Customer Success Story
State of Ohio: Delivering a COVID-19 dashboard overnight
The State of Ohio’s data platform team supports dozens of state government agencies with thousands of different data sources. Each agency acts as an isolated, secure ecosystem, with skill sets, use cases, data sources, and infrastructure that vary widely between agencies. To support this decentralized organizational structure, partner Avaap recommended providing agencies with a common data platform that was easy-to-use and could support any data source and infrastructure environment—on-premise, hybrid, or in the cloud.
The State’s data platform team enabled each agency to use StreamSets to build data pipelines, which meant they were ready to support the health department during the COVID-19 crisis. Using StreamSets, the team pulled together and ingested data from thousands of different data sources in dozens of formats into a cohesive dashboard for the governor’s daily COVID press briefings overnight.
Full lifecycle automation
Because most tools vendors do, it’s easy to forget that the design phase is just a small part of the overall data pipeline lifecycle. There’s the testing. And debugging. And testing again. And deploying. And versioning. And redeploying. Those can take far more time than the initial design.
Automating testing, debugging, and deploying is one key to providing continuous operations across the full lifecycle.
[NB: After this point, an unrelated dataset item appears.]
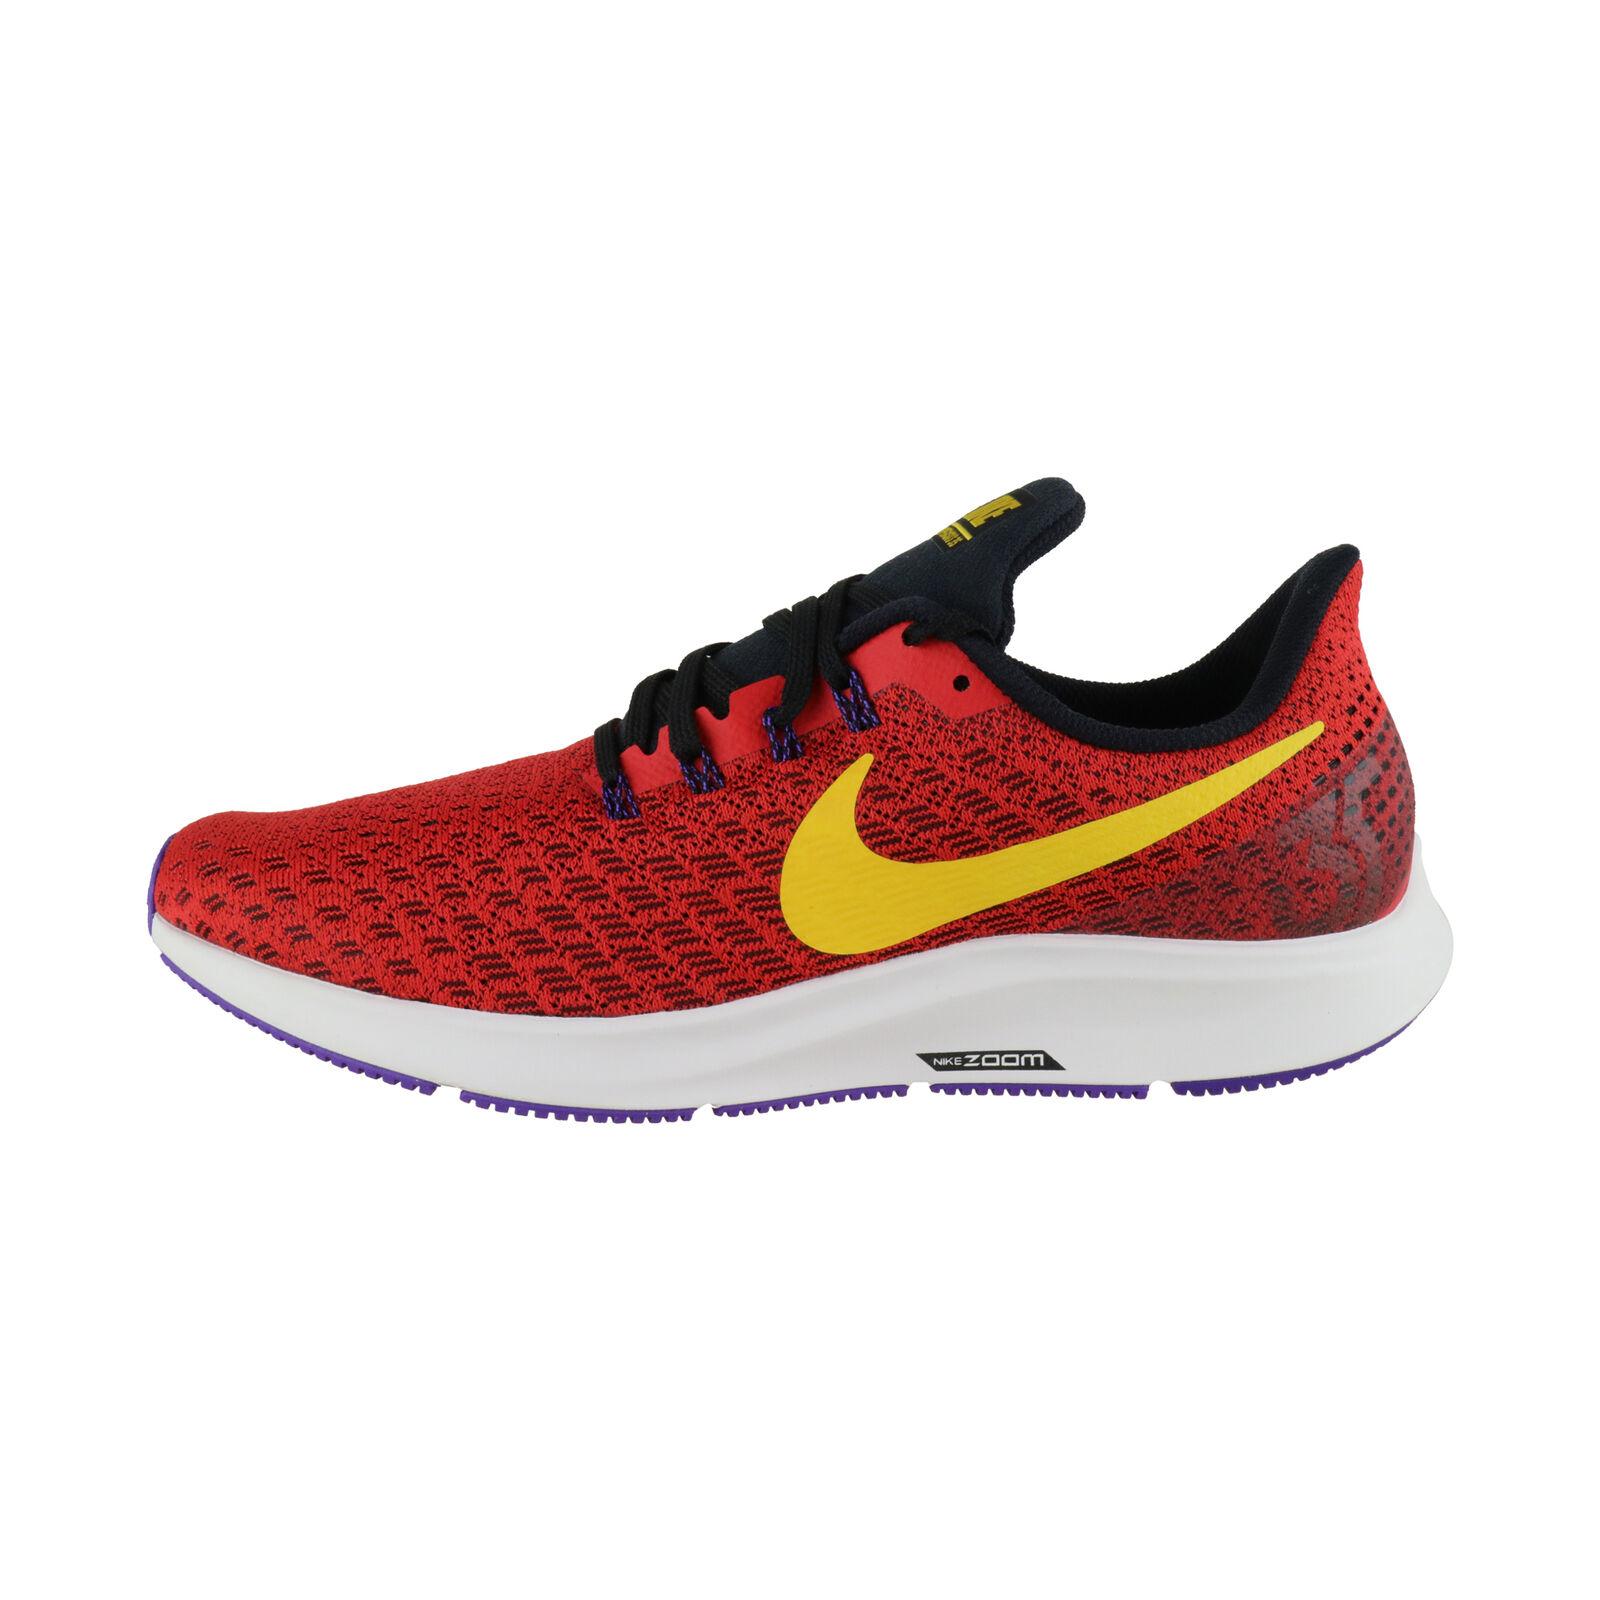 Details zu Nike Air Zoom Pegasus 35 rotorange 942851 603

Live data preview lets developers see the resulting data from their pipeline logic while still designing before deployment, CI/CD capabilities automate testing and deployment, and version control lets you manage deployments and roll back when needed.
With full lifecycle automation:
- A top 10 European bank reduced manual testing efforts by 75%.
- GSK reduced onboarding time for new data sources by 98% by fully automating the data ingestion pipeline build and deployment process.
Customer Success Story
GSK: How self-service data advances drug discovery
GlaxoSmithKline (GSK) is a science-led global healthcare company with a special purpose: to help people do more, feel better, and live longer.
Pharmaceutical companies spend years discovering, developing, and testing new drugs before bringing them to market. GSK set out to build a Data Center of Excellence to accelerate the delivery of clean data from 1,000s of data sources to more than 10,000+ scientists involved in R&D around the world. Their goal? Accelerate time-to-market for life-changing healthcare solutions.
Using StreamSets, the GSK team accomplished their mission with flying colors. Onboarding time for new data sources was reduced by 98%, new product discovery time was reduced by 96%, and they accelerated time to market for new drugs by almost 3 years!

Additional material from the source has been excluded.